Military Drone Operators Are About to Outnumber Human Pilots
Soon, more pilots will be on the ground than in the air.
The United States Air Force is looking for a different type of pilot — and not the “Top Gun” kind. For the first time ever, the Air Force has more jobs for drone pilots than for traditionally piloted aircraft, according to Lt. Gen. Darryl Roberson.
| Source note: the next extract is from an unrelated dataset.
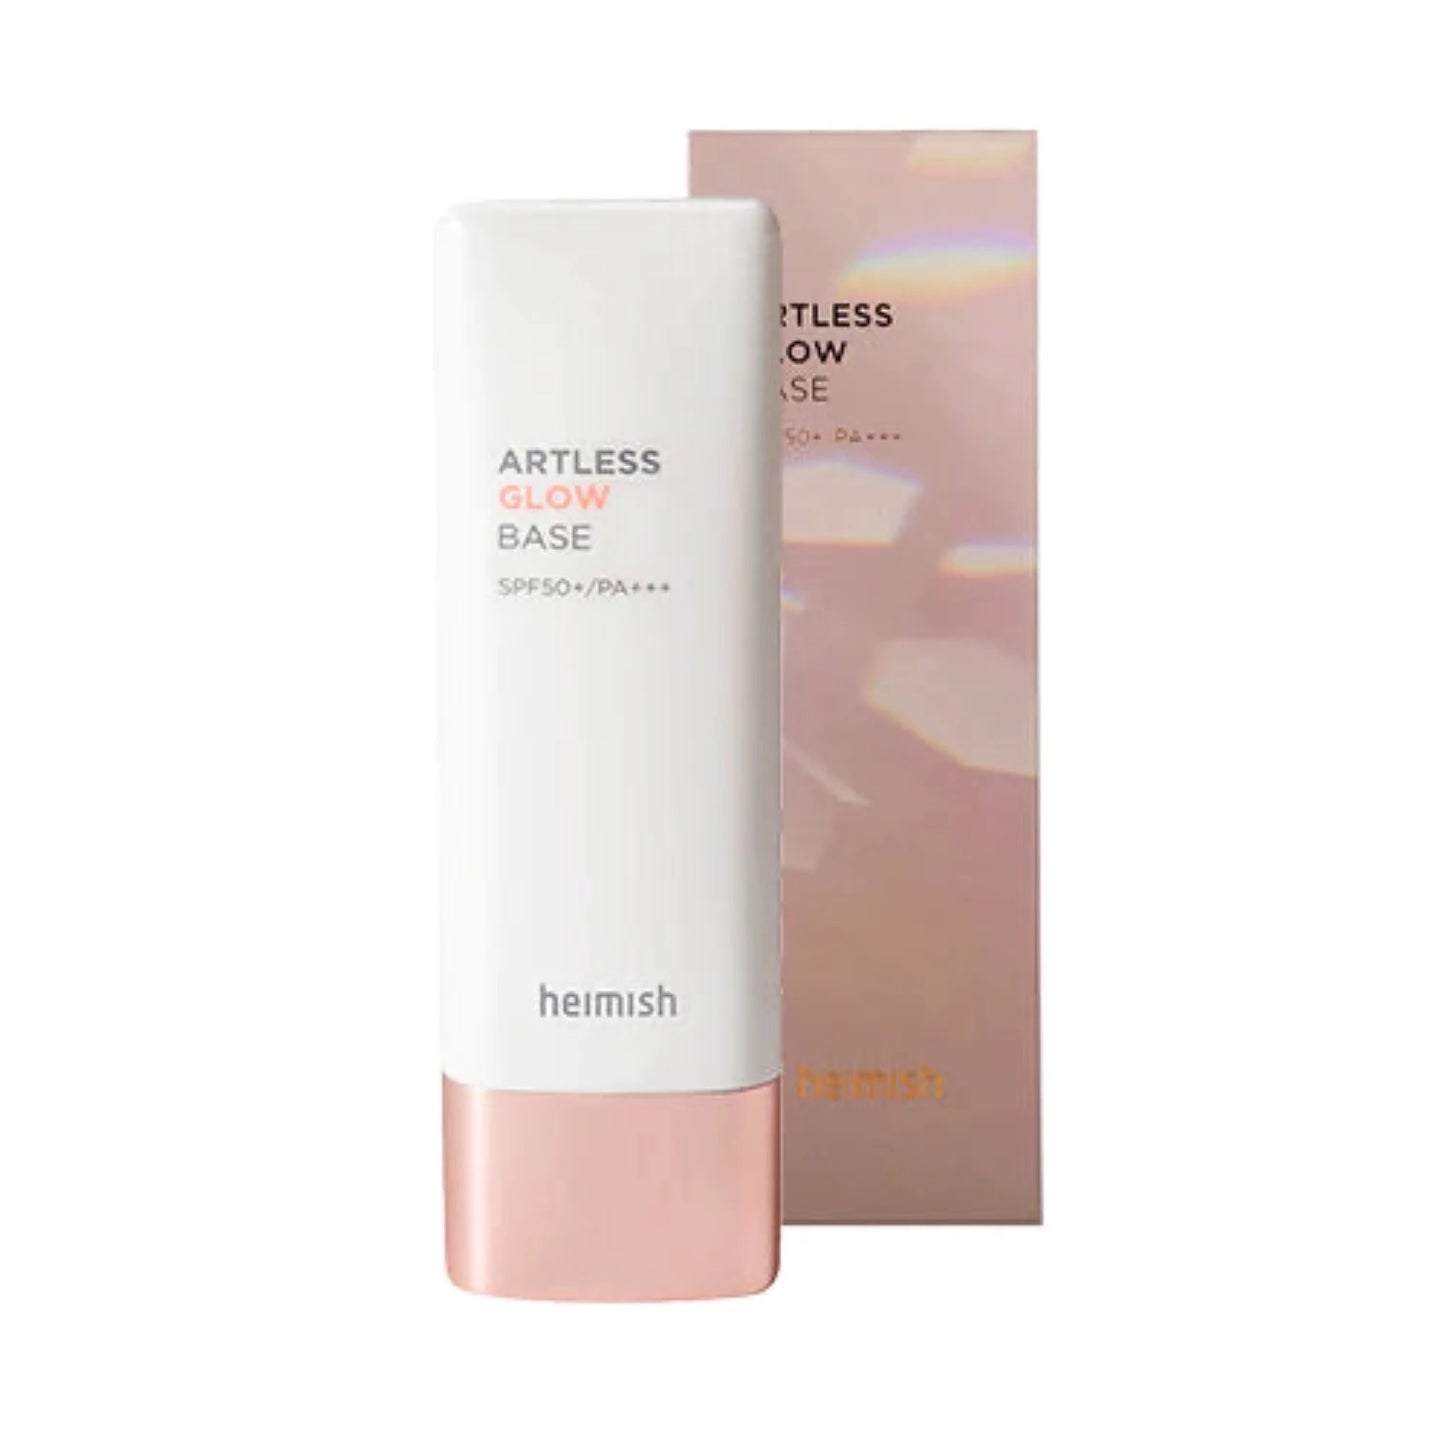 Heimish Artless Glow Base can be used alone or as a base for makeup, making it an excellent addition to any skincare and makeup routine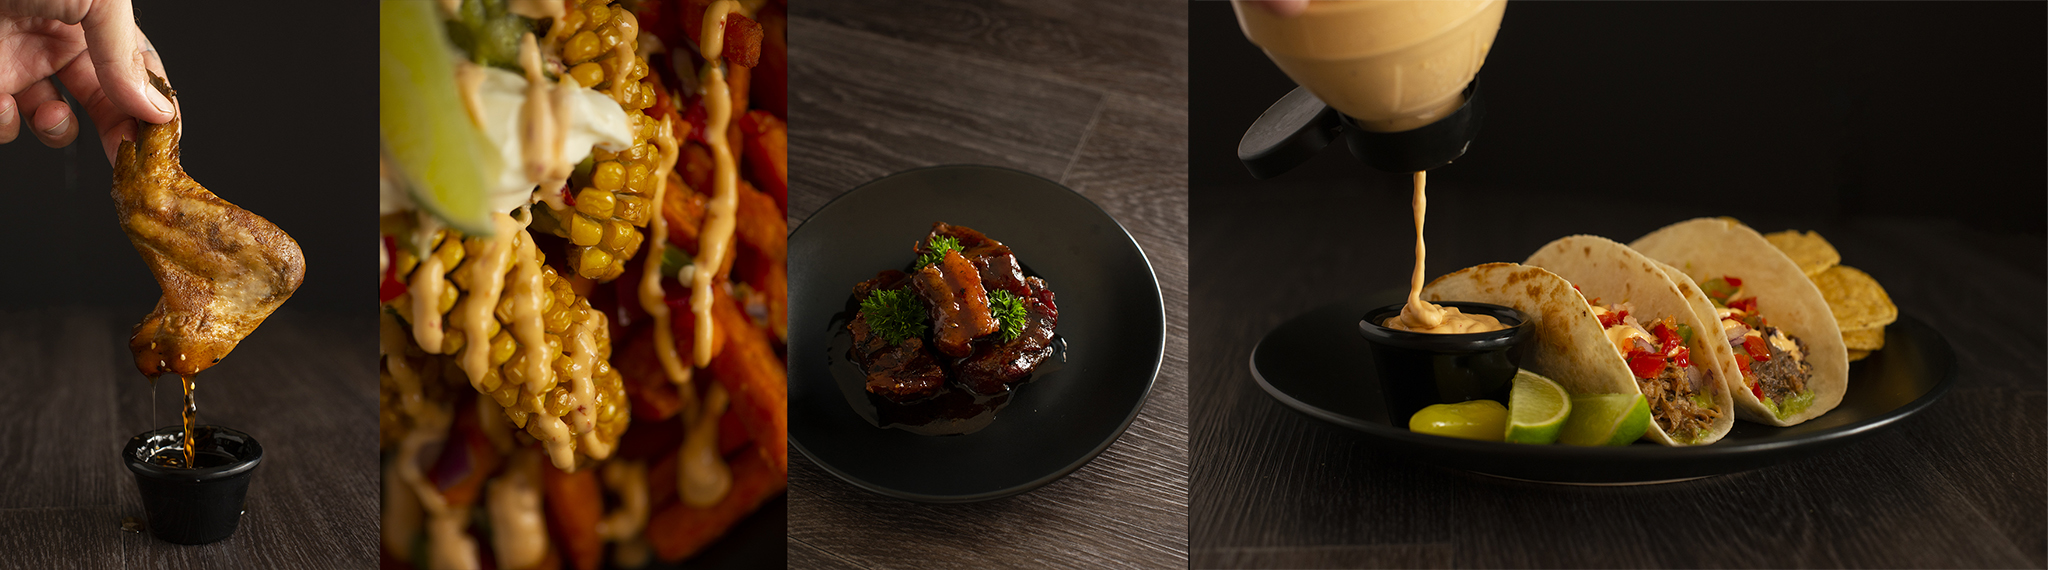 4 food images. First is a close up of a hand dipping a cooked chicken wing in a sticky brown sauce. Second is a colourful closeup of corn and sweet potato chips with lime & orange sauce. Third is a black plate with bbq sauced pork belly bites & a green parsley garnish. Last image is a black plate filled soft tacos & a side drizzle of orange sauce.

“I never thought I’d say that when I joined the Air Force,” Lt. Gen. Roberson said during a roundtable with reporters at the Air Force Association’s Air Warfare Symposium in Orlando, Florida. “So we’re really in a much better footing with RPA [remotely piloted aircraft] pilot production in addition to just getting the numbers up.”
By The Numbers
According to a report by Military.com, the Air Force expects 1,000 remote pilot operators in its RPA arsenal of MQ-1 Predators and MQ-9 Reapers for 2017. That’s higher than the number of human-piloted aircraft in service, according to AETC spokeswoman Lt. Col. Tracy Bunko. There are about 889 pilots flying the C-17 Globemaster III and 803 flying the F-16 Fighting Falcon, Bunko said.
As the very concept of warfare changes, the manner in which it’s conducted has to change, too. Drones — be they unmanned or remotely piloted — are examples of this evolution. The benefits aren’t just strategic, either: drones are also safer, removing the pilot from any actual physical harm.